Surface plasmon enhanced absorption and suppressed transmission in periodic arrays of graphene ribbons

TL;DR

This paper theoretically investigates how periodic arrays of graphene ribbons can enhance absorption and suppress transmission through resonance diffraction, revealing complex plasmonic behaviors influenced by carrier relaxation times.

Contribution

It provides a systematic theoretical analysis of resonance diffraction in graphene ribbon arrays, highlighting the impact of carrier relaxation times on resonance richness and transmission suppression.

Findings

Higher relaxation times lead to more resonances and complete transmission suppression.

Resonant features are linked to leaky plasmonic modes.

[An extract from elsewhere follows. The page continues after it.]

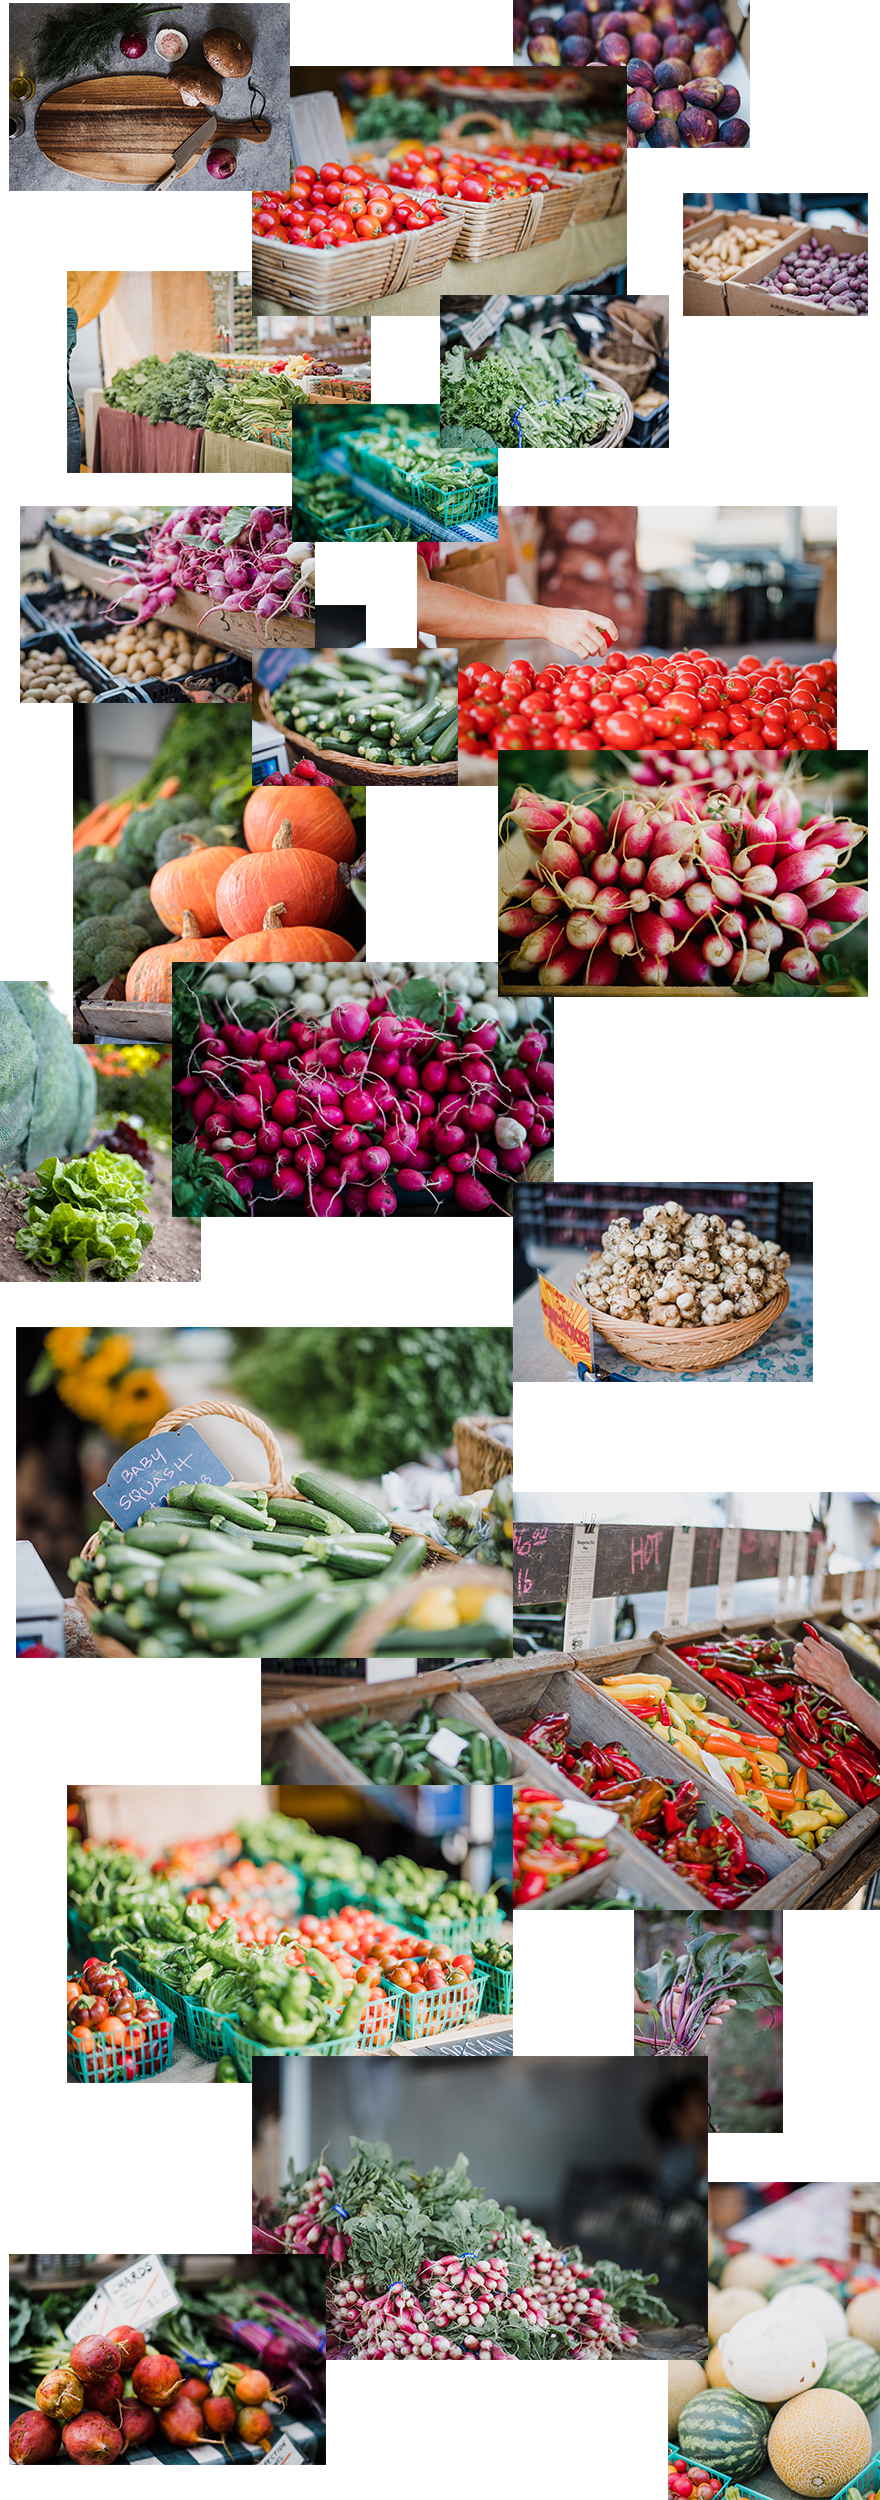 divi-farmers-market-layout-pack-image-assets

The longest-wavelength resonance shows the highest transmission dip and significant spectral shifts.

Abstract

Resonance diffraction in the periodic array of graphene micro-ribbons is theoretically studied following a recent experiment [L. Ju et al, Nature Nanotech. 6, 630 (2011)]. Systematic studies over a wide range of parameters are presented. It is shown that a much richer resonant picture would be observable for higher relaxation times of charge carriers: more resonances appear and transmission can be totally suppressed. The comparison with the absorption cross-section of a single ribbon shows that the resonant features of the periodic array are associated with leaky plasmonic modes. The longest-wavelength resonance provides the highest visibility of the transmission dip and has the strongest spectral shift and broadening with respect to the single-ribbon resonance, due to collective effects.